Organizations Not Taking Steps to Prevent Employee-Caused Security Incidents
While employee-related security risks are the top concern for security professionals, organizations are not taking the necessary steps to prevent negligent behavior, according to research from Experian and the Ponemon Institute.
The study, Managing Insider Risk Through Training & Culture, surveyed 600 technology leaders about negligent and malicious employee behaviors and found that more than half (55%) of companies have experienced a security incident due to employee behavior.
Companies are investing in employee training to teach them how to protect confidential information, but most of those surveyed (60%) still do not believe their employees know enough about their company’s security risks. This information is sadly not making it to C-suite executives though, as 35% of the respondents said senior management thinks employees are knowledgeable about data security risks.
“Among the many security issues facing companies today, the study emphasizes that the risk of a data breach caused by a simple employee mistake or act of negligence is driving many breaches.

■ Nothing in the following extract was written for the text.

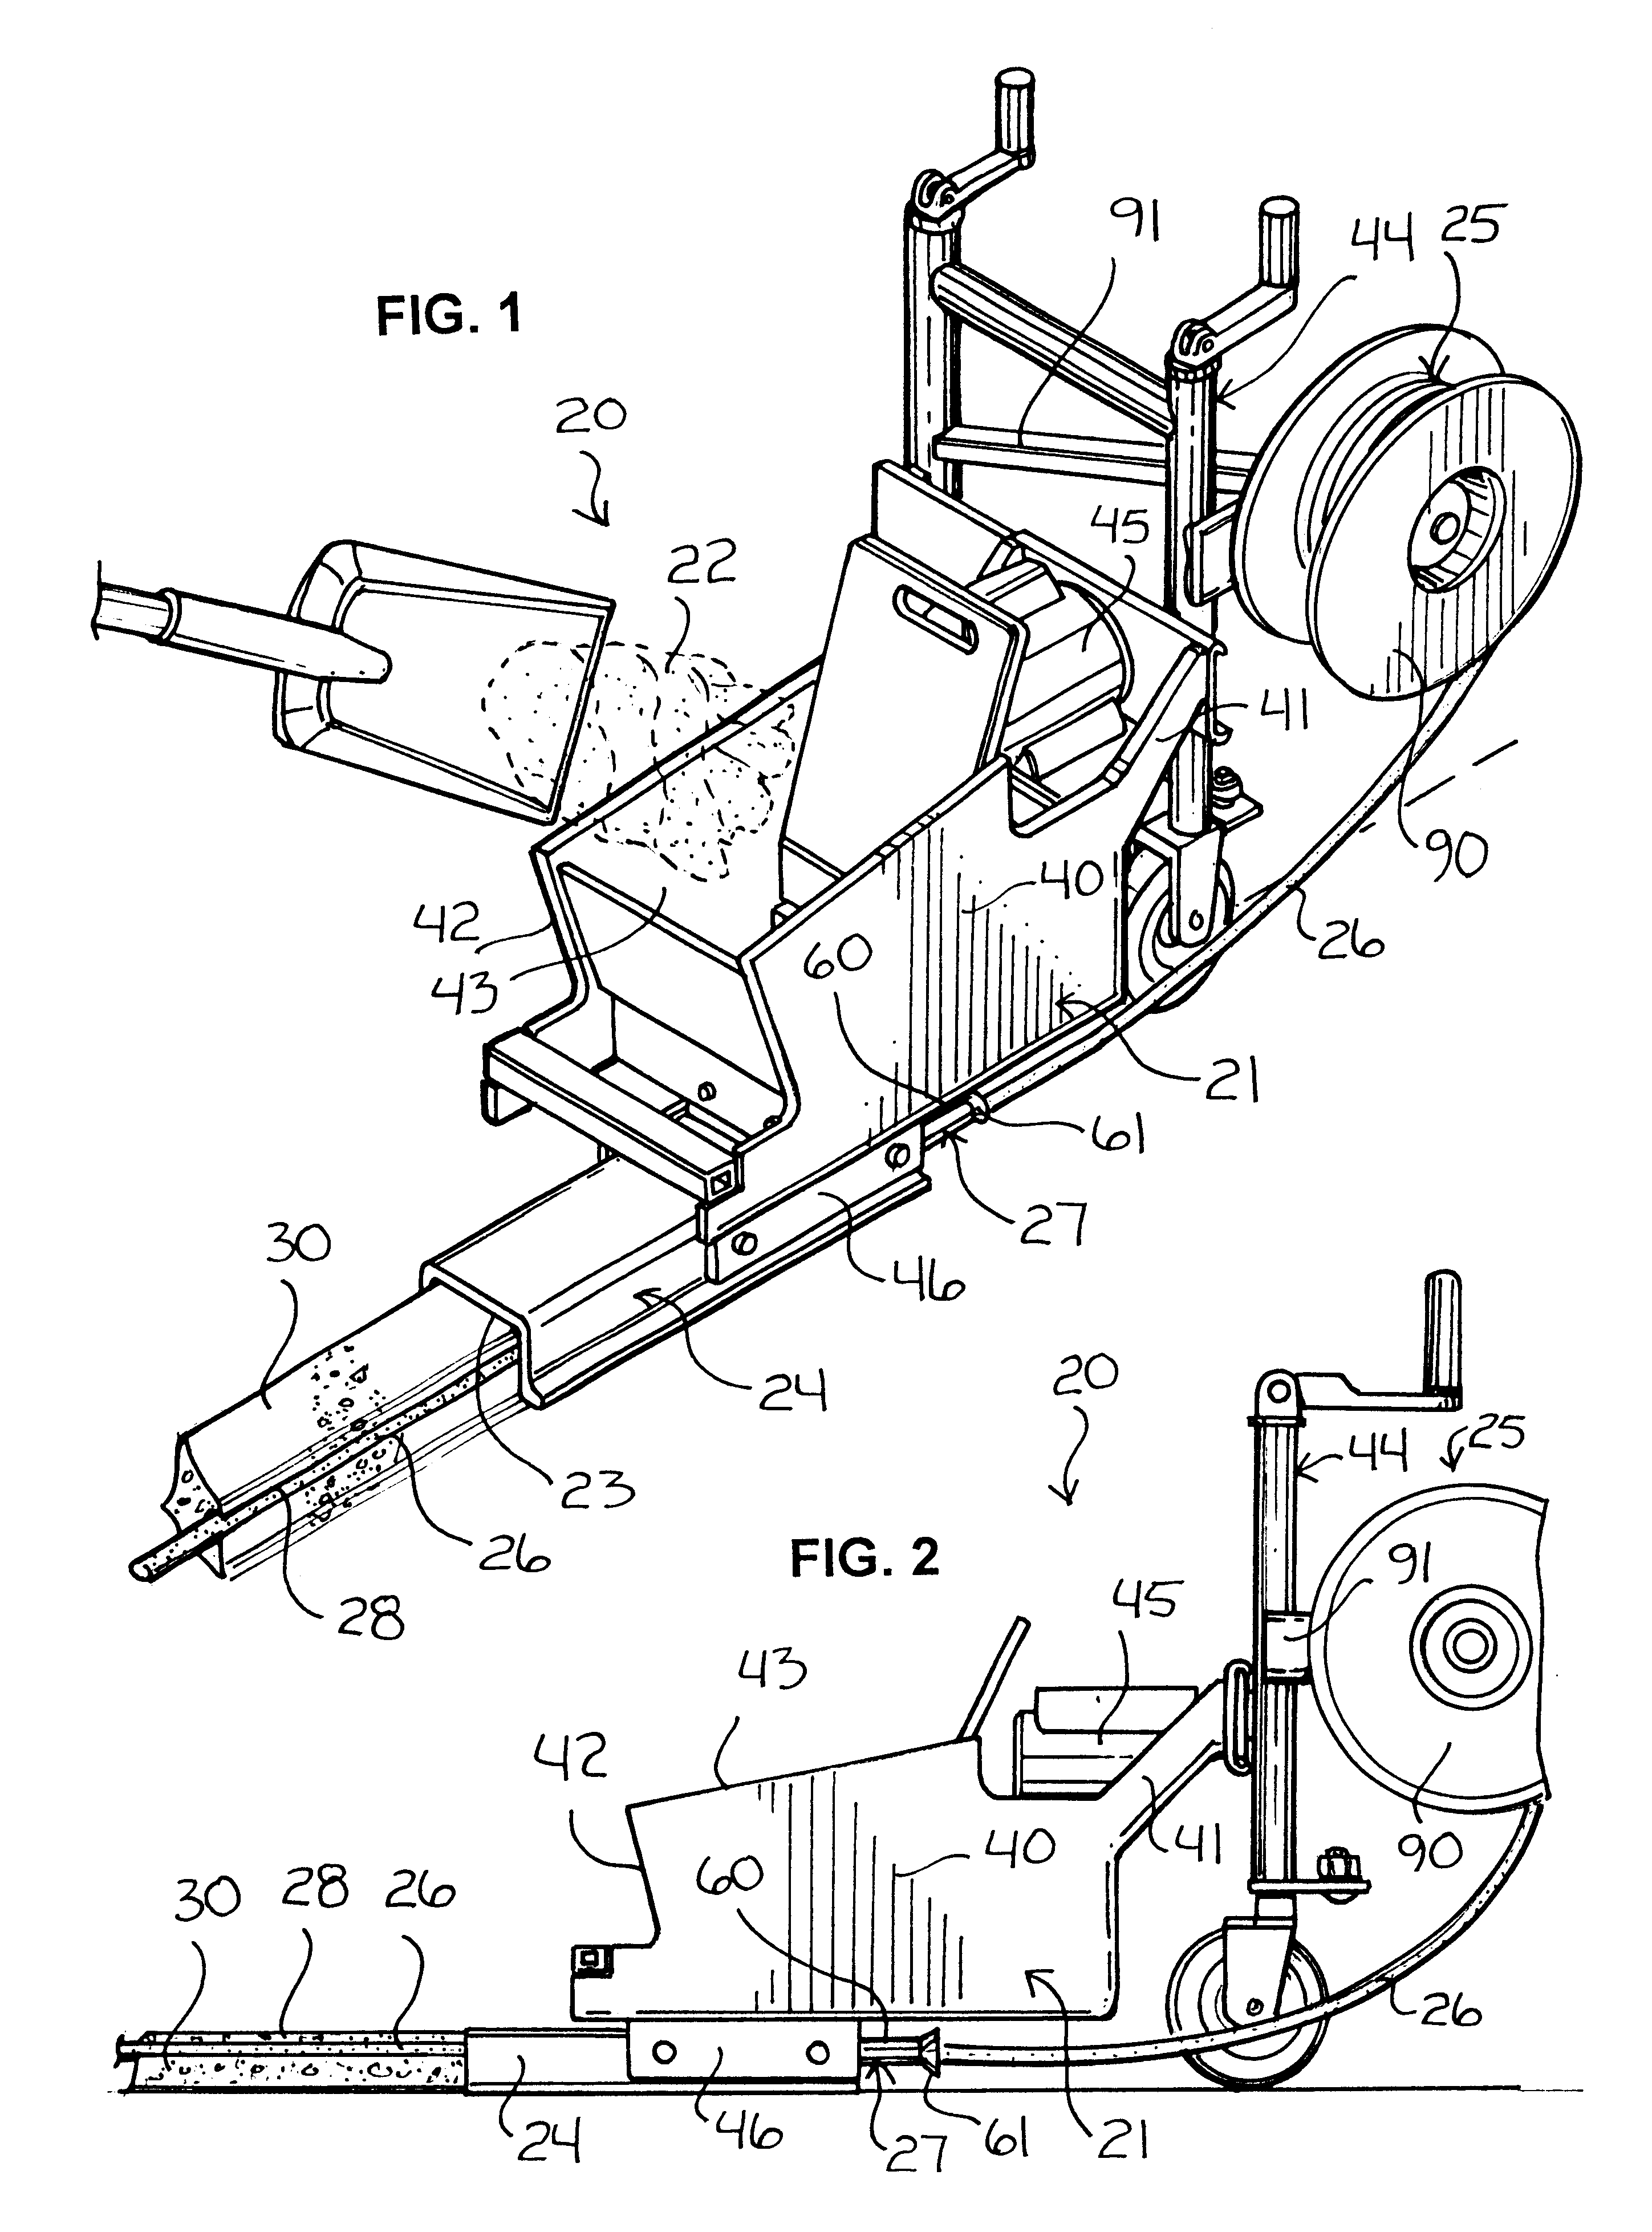 Curb forming apparatus and method

Unfortunately, companies continue to experience the consequences of employees either falling victim to cyberattacks or exposing information inadvertently,” said Michael Bruemmer, vice president, Experian Data Breach Resolution. “There are several steps that companies should take to better equip their employees with the tools they need to protect company data, including moving beyond simple employee education practices and shifting to a culture of security.”
Other key findings include:
- Only 46% of companies make employee training mandatory.
- After data breaches, most companies (60%) are not using the opportunity to retrain employees.
- Of the companies that do provide training, 43% offer only basic information. Less than half of all programs are covering these important programs: phishing and social engineering (49%), mobile device security (38%) and using cloud services safely (29%).
- Research has found that incentives can encourage more positive security behaviors. Unfortunately, only 33% of companies are offering incentives. Of those who provide incentives, 19% provide a financial reward and 29% mention the behavior in performance reviews.